DATA UNDER STUDY →
● ● ● ● ● ● ●

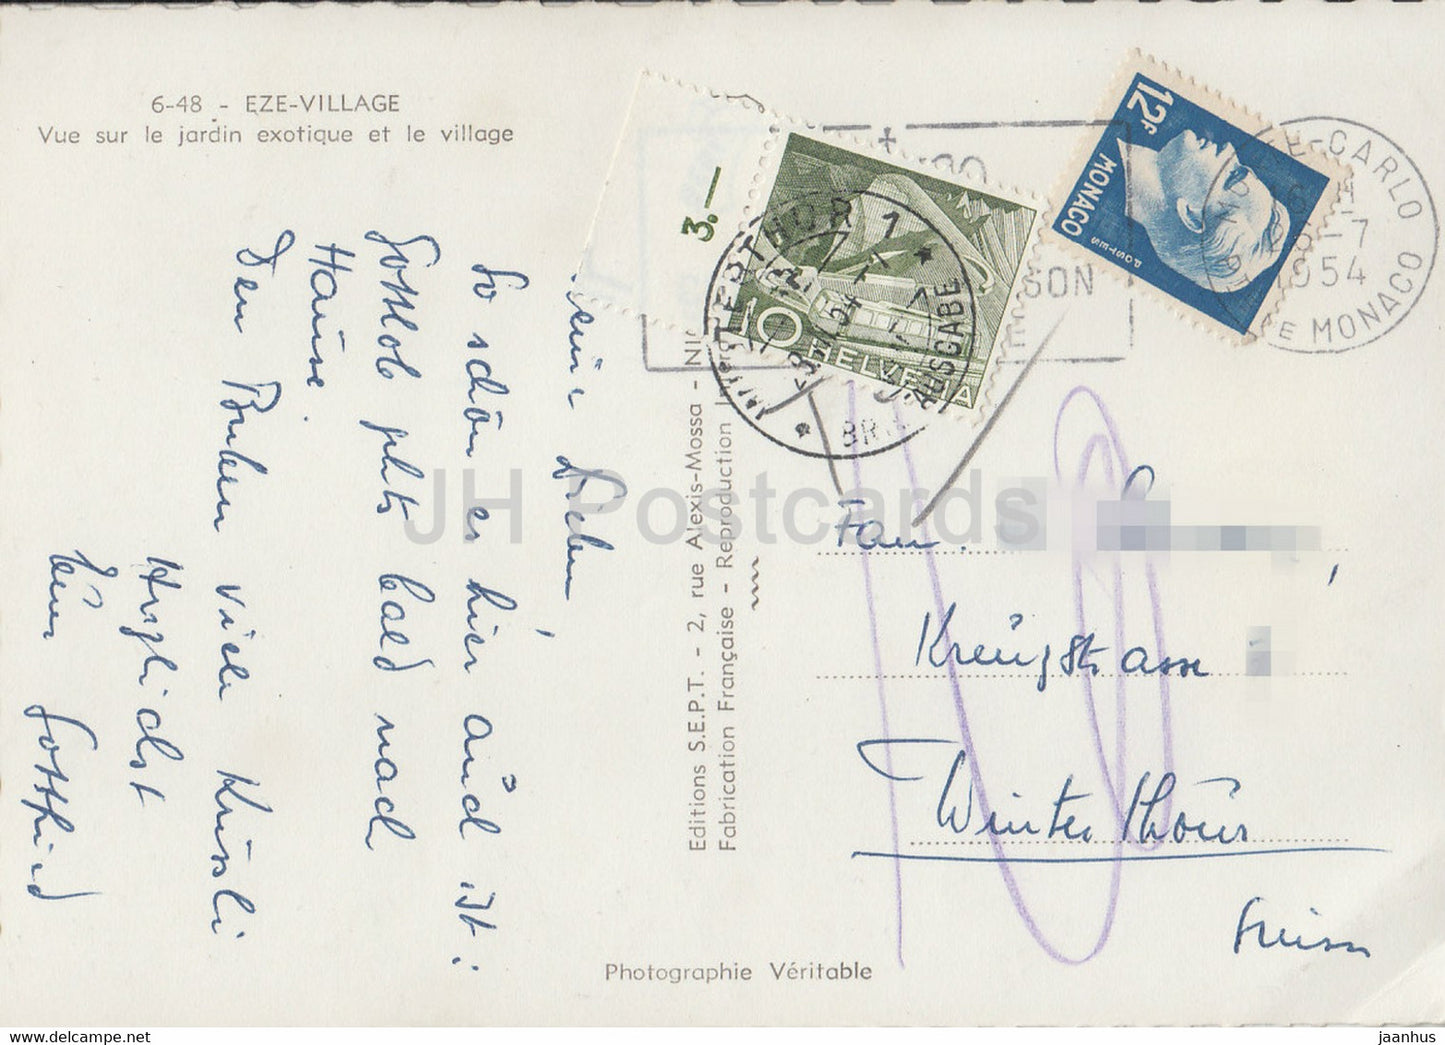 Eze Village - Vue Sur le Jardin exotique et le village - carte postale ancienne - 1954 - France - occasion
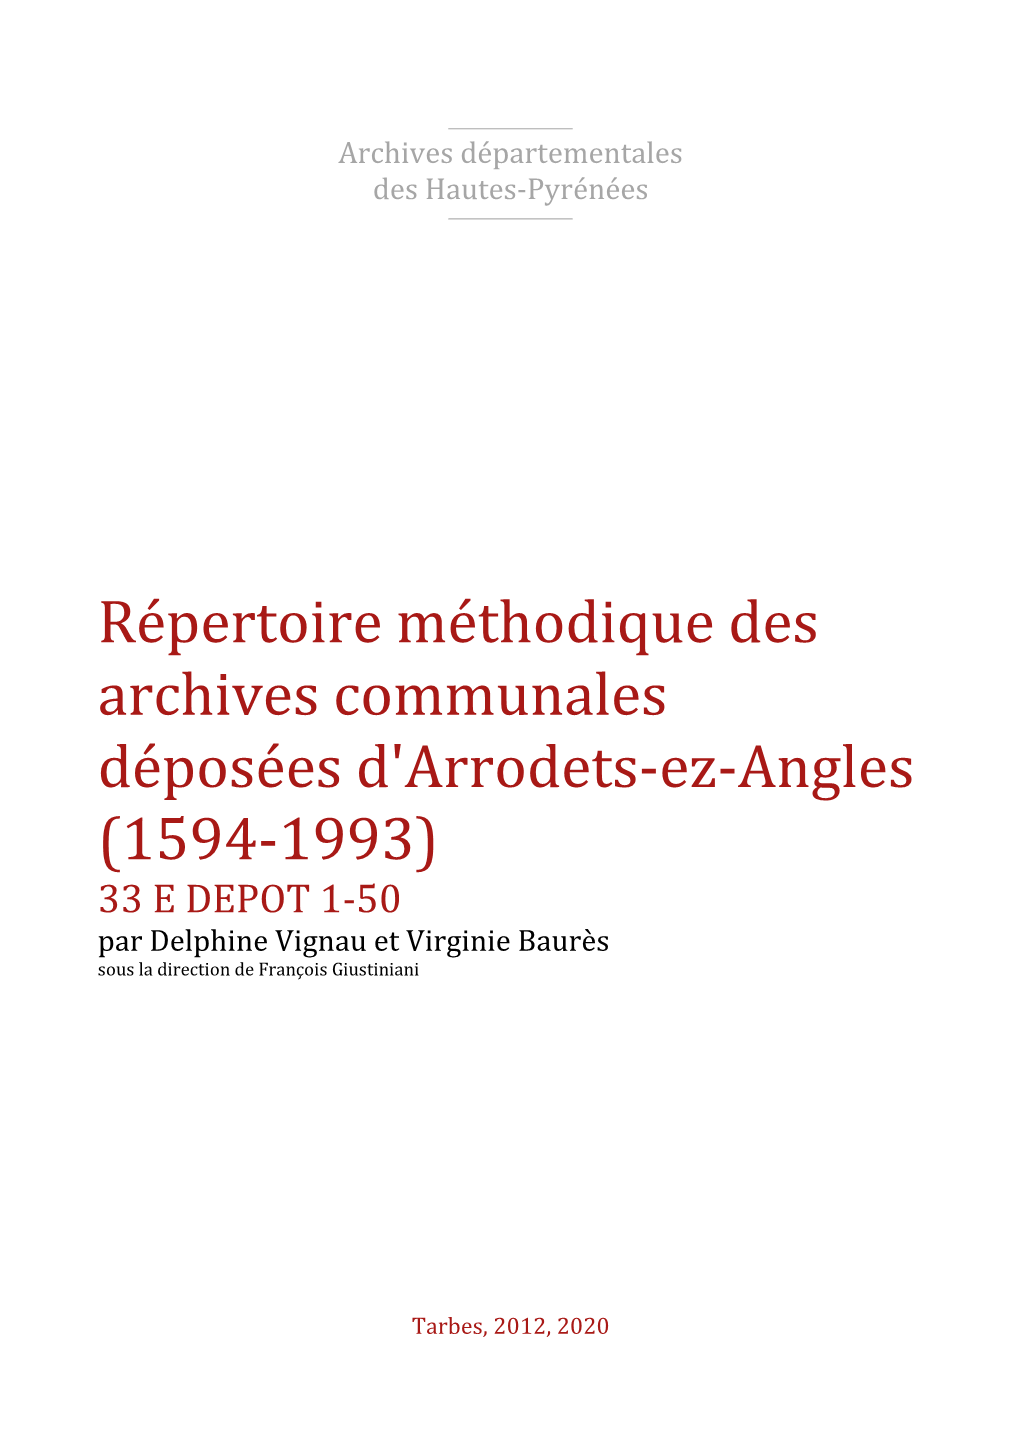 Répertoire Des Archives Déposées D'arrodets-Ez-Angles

● ● ● ● ● ● ●

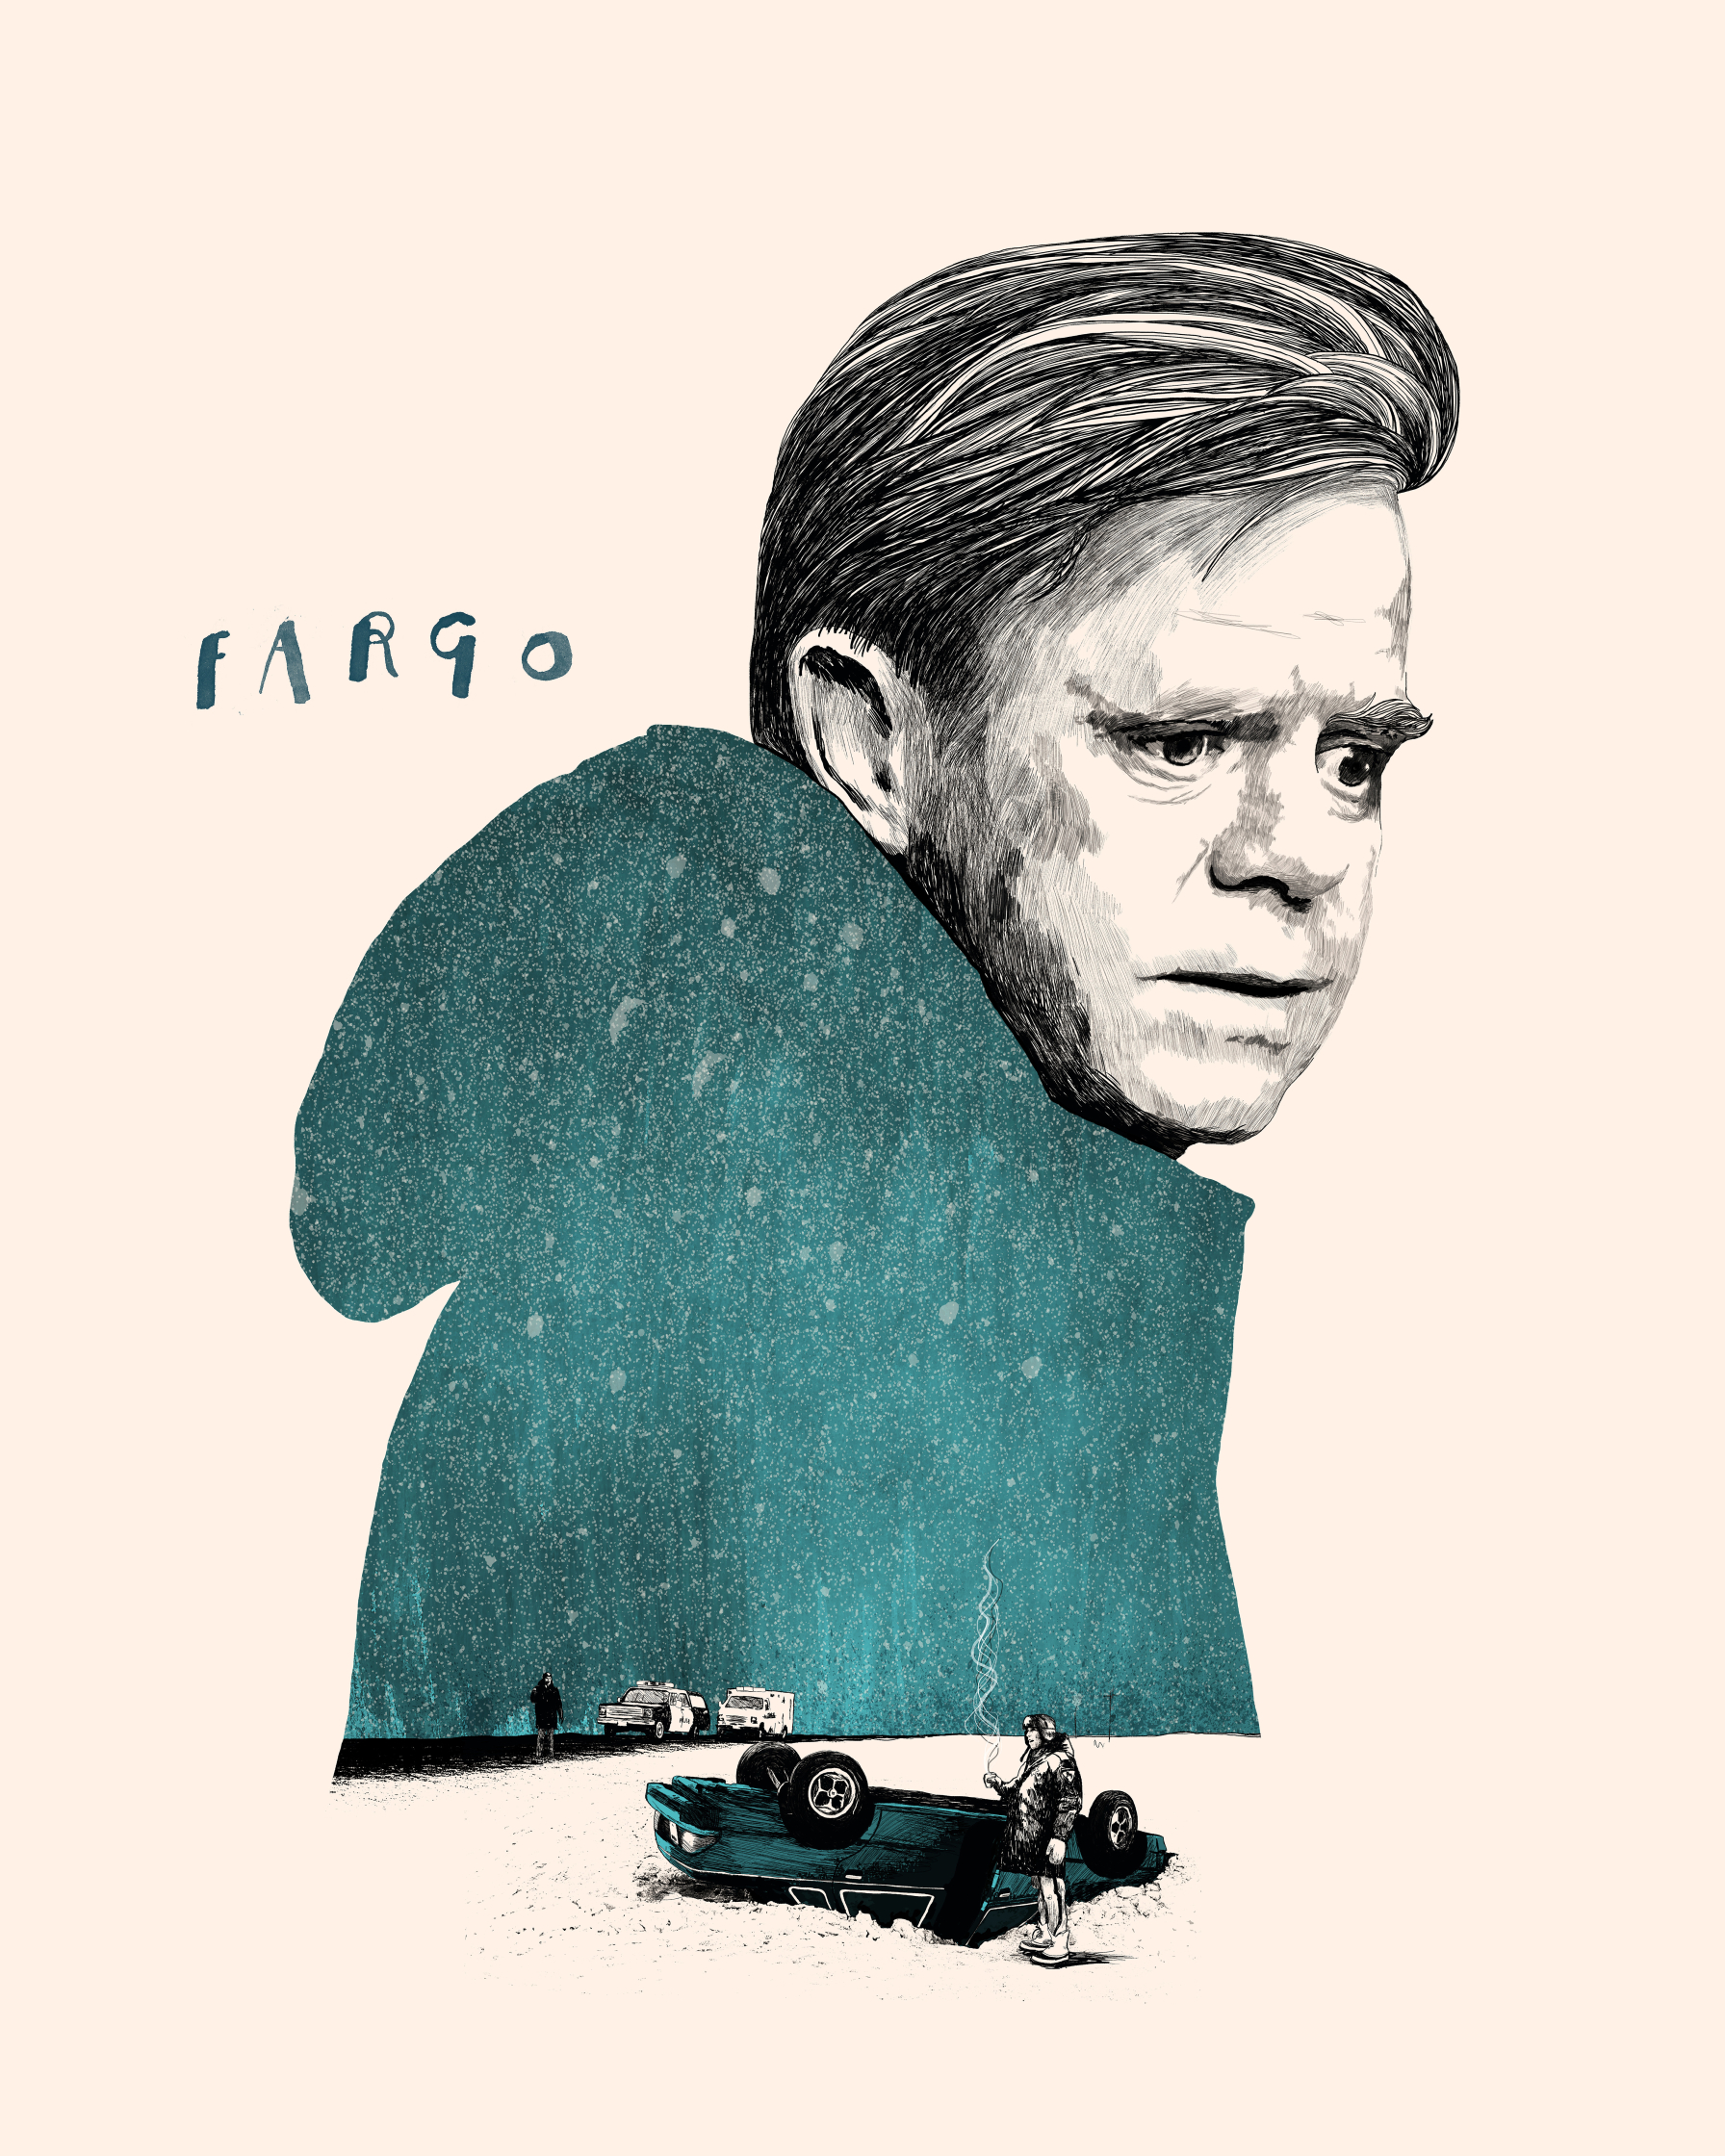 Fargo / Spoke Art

● ● ● ● ● ● ●

WORK REQUEST → The stretch above running from the line with "Eze Village - Vue" through the line with "Répertoire Des Archives" is all you should copy, exactly, leaving out the pictures.

RESULT OF THIS TASK →
 Eze Village - Vue Sur le Jardin exotique et le village - carte postale ancienne - 1954 - France - occasion
 Répertoire Des Archives Déposées D'arrodets-Ez-Angles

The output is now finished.